Who is Alan Po? You probably mean Allan Poe.[YSaerTTEW443543]

TOEIC listening, question-response: Is New York time ahead of us or behind us?[YSaerTTEW443543]

Hi Min,

wow! I’m a huge admirer of Edgar Allan Poe! That’s a really nice and flattering compliment, Min. Thank you so much!


Yes, the spelling(Allan Poe not Po!) would be that as you say- Torsten.

Claudia, much of the Poe’s writing I read in my early life that was before 90’s so that
I got to remember little… Though I could remember one of his pieces of writing that the
writer wanted to go to the jail, he tried for that in various ways but fail.

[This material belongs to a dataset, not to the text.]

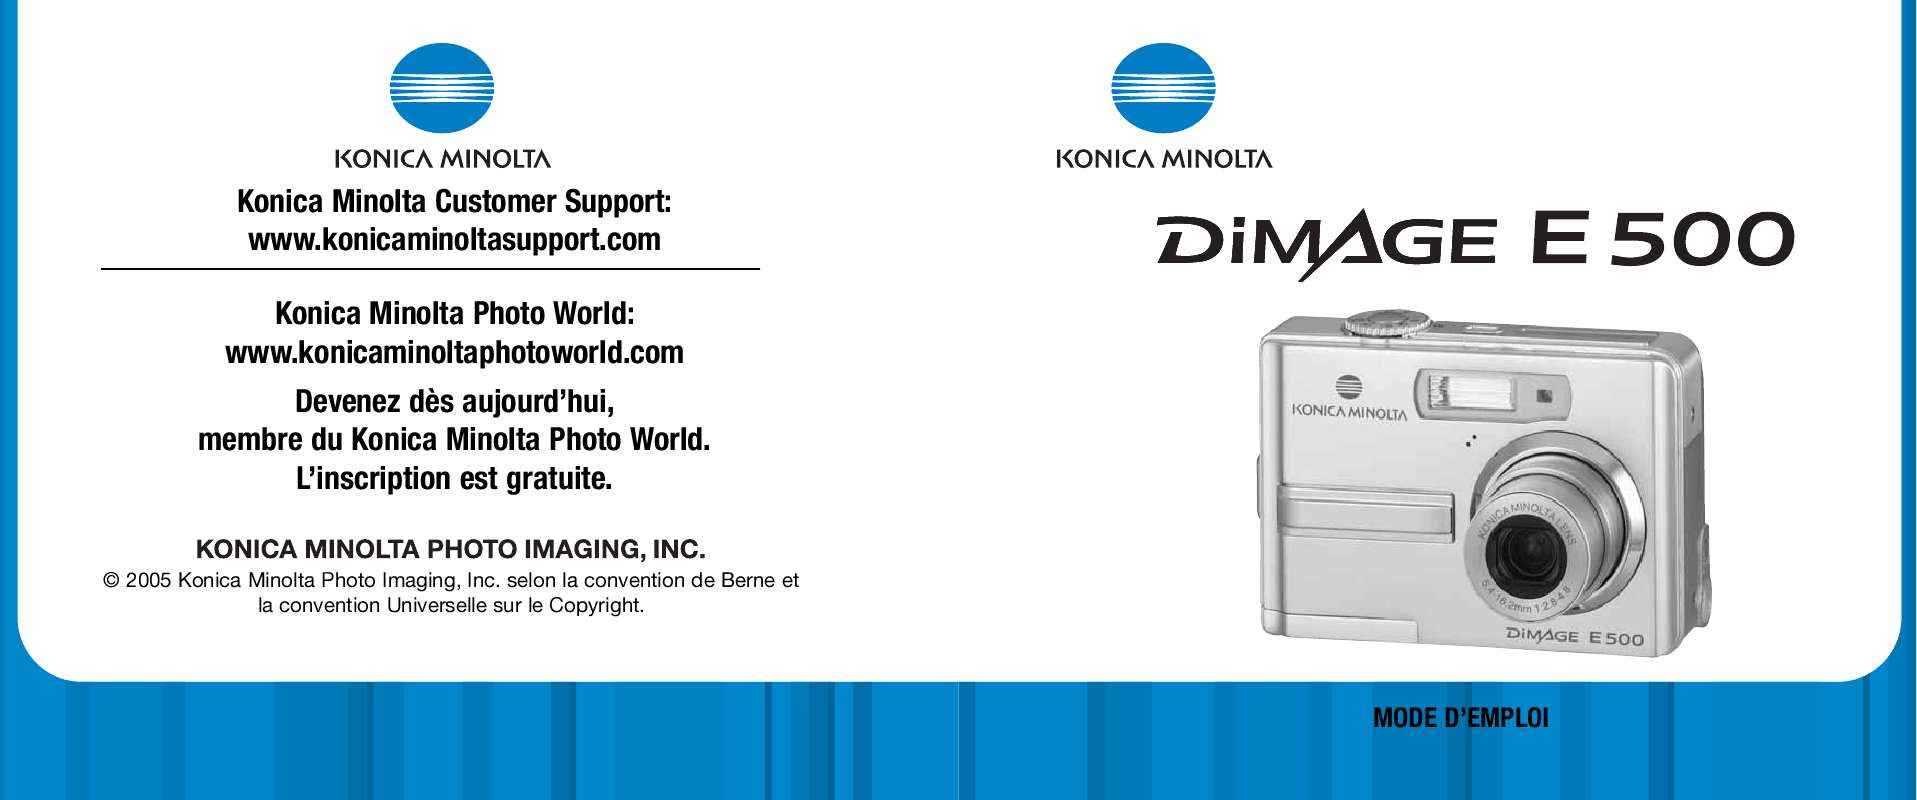 Guide utilisation KONICA MINOLTA DIMAGE E500  de la marque KONICA MINOLTA

Suddenly, the melody sounds came out from near about the church, he realized the meaning of good life and the meaning of innocence, police came and catch him!

Though his major writings are based on the mystery.

Hi Min,

I looked for the story you mentioned, so I searched through my “The Tales of Edgar Allan Poe”. Unfortunately, I couldn’t find one with that plot. Then I remembered another 19/20th century American writer named O. Henry. In his short story, “The Cop and the Anthem”, a migratory worker called Soapy is penniless and wants to go to jail for food and a bed, but whatever he tries to get the police to arrest him, he constantly gets away with it. When, in the end, he walks past a church, he hears the organ playing and starts to ponder. He wants to change his life for the better. Suddenly, the police arrest him for one of the petty crimes he had done and he is sentenced to three months in jail. Is that the story you are referring to?


Probably I mixed up with Henry!

As I read before '86 and it’s not a joke to rejuvenate anybody’s memory immediately but many thanks for retrieving me the name of Henry as well!